Hi All,
We have 2 tables, one table only has 6 rows, and the other one has million rows. We would like to join these 2 tables.
Here is our sql
SELECT * ORACLE_TABLE
INNER JOIN MSSQL_TABLE ON MSSQL_TABLE.car_model = ORACLE_TABLE.car_model
Note: MSSQL_TABLE( only has 6 rows), ORACLE_TABLE( has million rows)
We saw Dremio pulls the whole rows from those tables, and then do the join. The joined result is correct, but I just wonder if there is a way to hint Dremio to select the small table first(MSSQL_TABLE), and then push down the result to the larger table(ORACLE_TABLE) ? This can avoid pulling the whole table data to Dremio.
@dacopan
Thanks, but it can’t work. I saw Dremio still pull the whole large table. Below is the plan, I’m seeking if there is any way for Dremio to execute “ParquetScan 02-01” first and then push down the result to the “Jdbc 01-10” later.
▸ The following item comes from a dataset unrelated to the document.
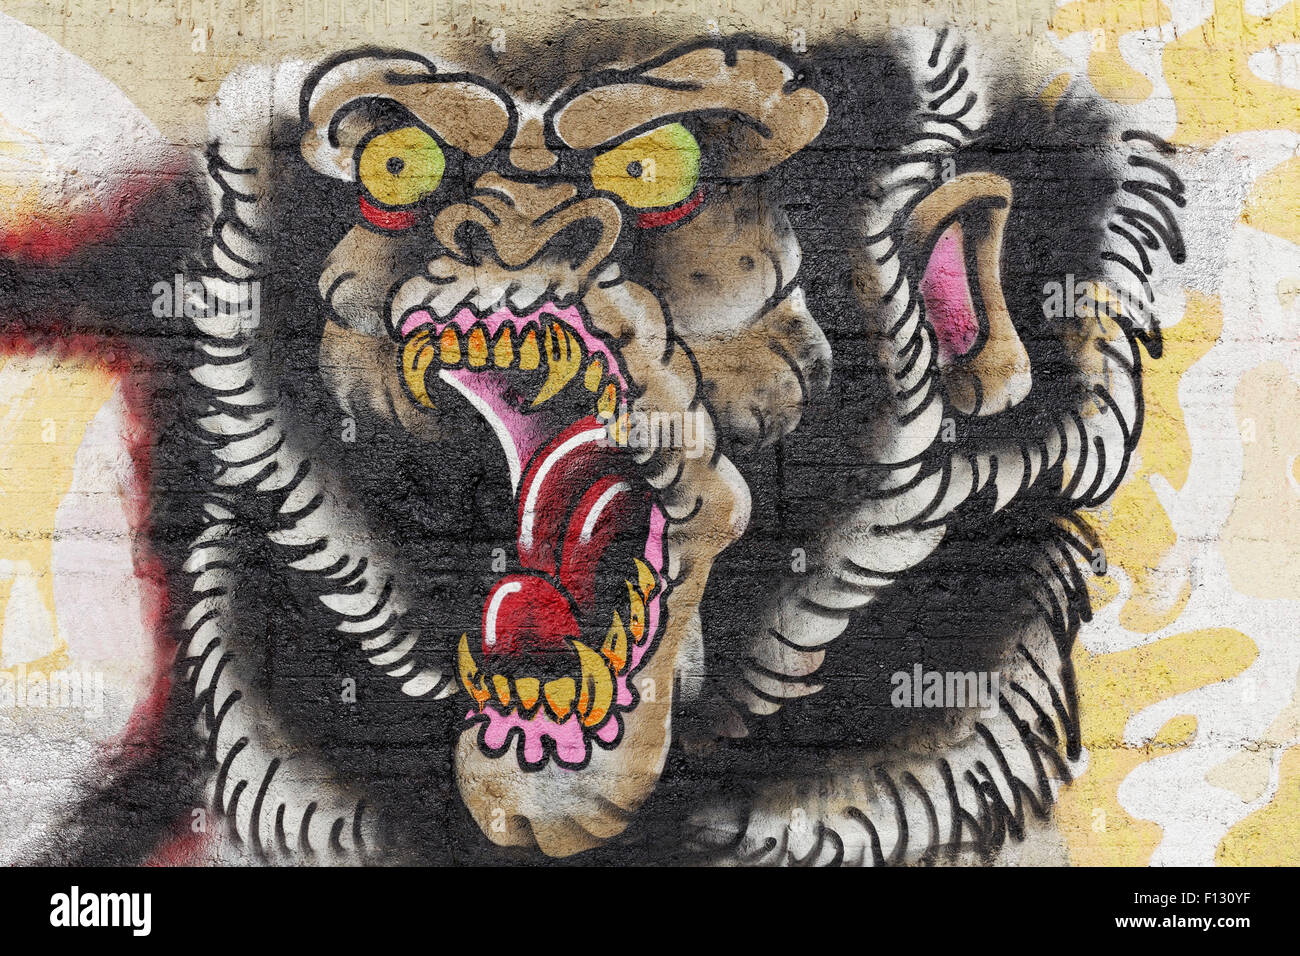 Un gorille géant avec la bouche ouverte, Monster, graffiti, street art, Duisbourg, Rhénanie du Nord-Westphalie, Allemagne Banque D'Images

It seems you are joining across two data sources - table a -> sql server and table b -> oracle … and you are expecting it to do a push-down?! It will never happen.
Extract the 6 rows table car_model distinct value, hardcode it in your oracle SQL using an in clause. Something like this:
SELECT * ORACLE_TABLE
ORACLE_TABLE.car_model in (‘lambo’,‘fusion’,‘model s’,‘mini foo’,‘lx 560’,‘doogi’,‘turbo’)